Don Stefano, oltre ai ringraziamenti di rito, ha posto l’accento in particolare su tre “piani” lungo i quali si sviluppa l’esperienza di un Sacerdote.

Il Sacerdote come uomo, come Prete, come Parroco.

Ed in questo senso, con cenni sintetici, ha offerto alcuni tratti della propria esperienza umana.

Un “grazie”, dunque, come uomo a chi, soprattutto la famiglia, ha trasmesso valori educativi autentici e, primo tra questi, quello che, per essere uomo davvero, la prima scuola sia quella dell’umiltà.

Poi, il “grazie” del Prete, accolto in questo Presbiterio diocesano 14 anni orsono, consacrato dall’Arcivescovo Padre Enrico Masseroni ed ora, da Mons. Marco Arnolfo, destinato a questo duplice, impegnativo incarico, di Vicario Generale della Diocesi e di Parroco di Sant’Eusebio, la Parrocchia del Duomo di Vercelli e coordinatore dell’Unità pastorale che comprende anche Sant’Agnese, San Giuseppe e San Bernardo – Madonna degli Infermi.

Infine, il terzo “grazie”, quello del Parroco.

Un ringraziamento e, insieme, un chiaro intento “programmatico”, un “triplice intento”: fare bene, dire bene e stare bene.

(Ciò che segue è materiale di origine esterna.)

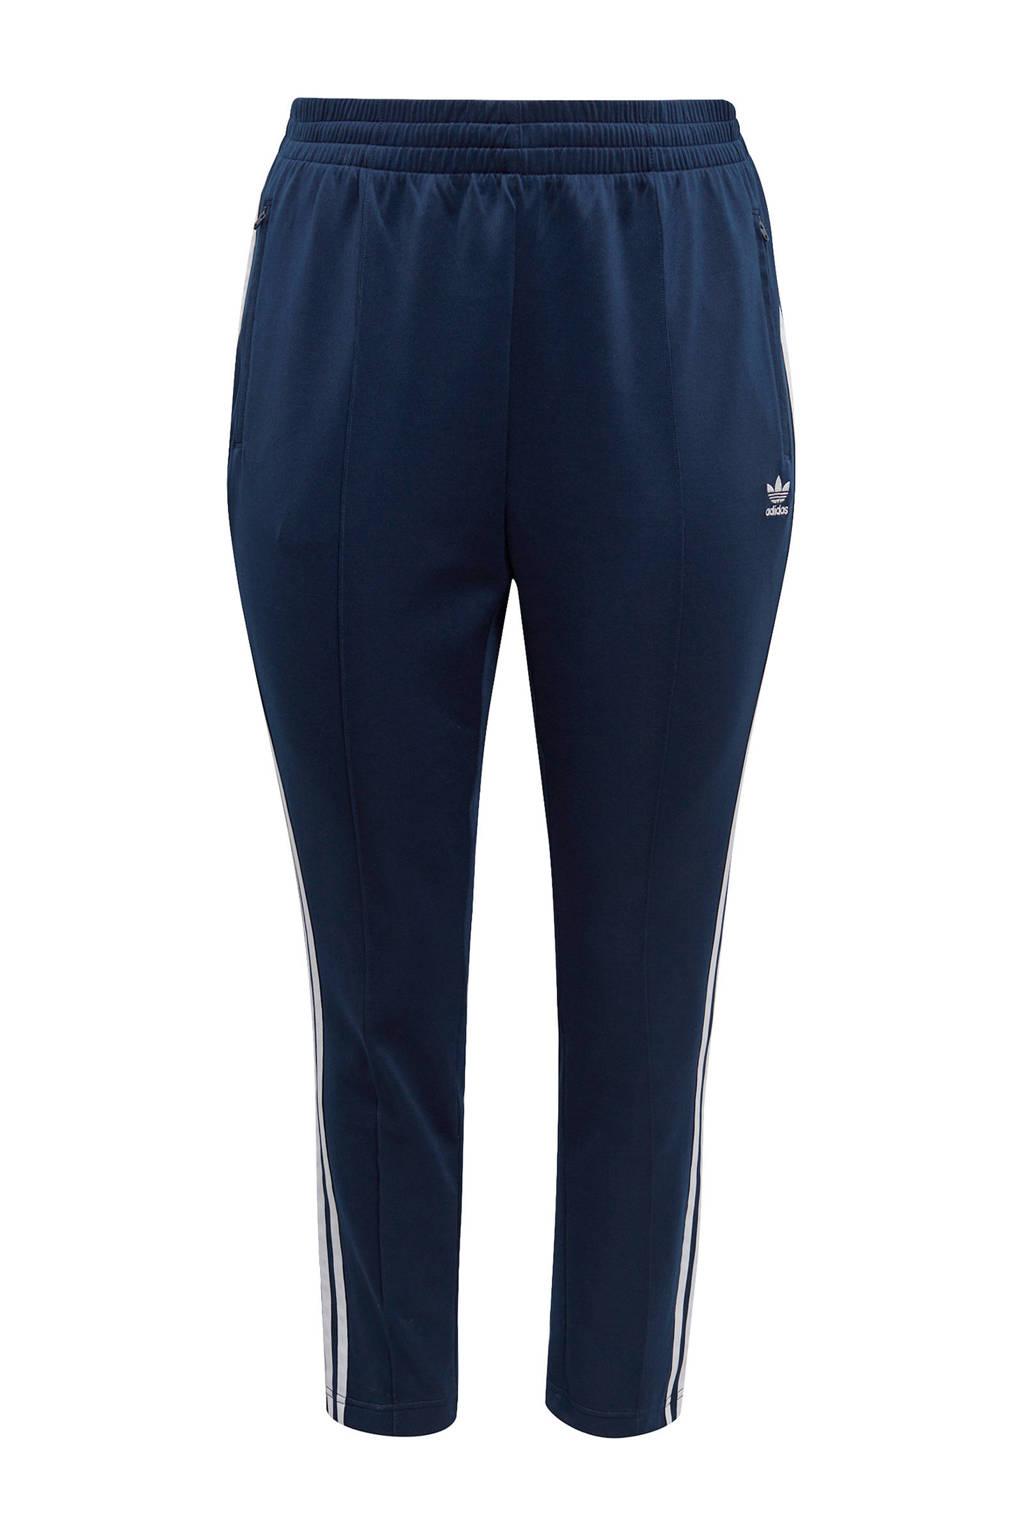 adidas Originals Plus Size joggingbroek donkerblauw/wit, Donkerblauw/wit

Fare “il bene”, cioè orientare il cuore, di ciascuna persona e della comunità a Dio, al bene di Dio, che è la carità.

Dire bene, cioè “bene-dire” per portare la salvezza di Dio, per crescere insieme nella fede.

Stare bene, infine, non secondo il significato mondano dell’espressione, bensì nell’accezione evangelica, cioè restare ancorati al cuore di Dio, come i tralci alla vite.

Poi, rivolto ai parrocchiani, le parole forse più “forti”: mi metto al servizio, nel senso della collaborazione, per favorire la corresponsabilità.

I fedeli non sono riusciti a trettenere un più che motivato applauso “a scena aperta” quando Don Stefano ha rivolto un ringraziamento al suo predecessore, Mons. Giuseppe Cavallone, che fu altresì il Sacerdote forse più influente nel determinarne la scelta per assecondare una vocazione già ormai pienamente avvertita ed entrare così in Seminario.

Infine, l’esortazione forse più esigente: se siamo “disconnessi” – dice il Parroco – con noi stessi, disconnessi dalla nostra interiorità, non potremo essere “connessi” agli altri, tra appartenenti alla stessa comunità e, così, fare un cammino comune.

Un pensiero che pare in una sintonia chiara con la lezione agostiniana “non uscire fuori, rientra in te, solo nell’uomo interiore abita la verità”.

Insomma, un inizio che poggia su basi assai solide e promettenti.

Il nostro video si conclude, così, con una benedizione finale e con il canto davanti alla sacra effige della “Madonna dello Schiaffo”, che, così cara ai vercellesi, ci ricorda l’amore inesausto e sempre stupefacente della Madre di Dio per i propri figli.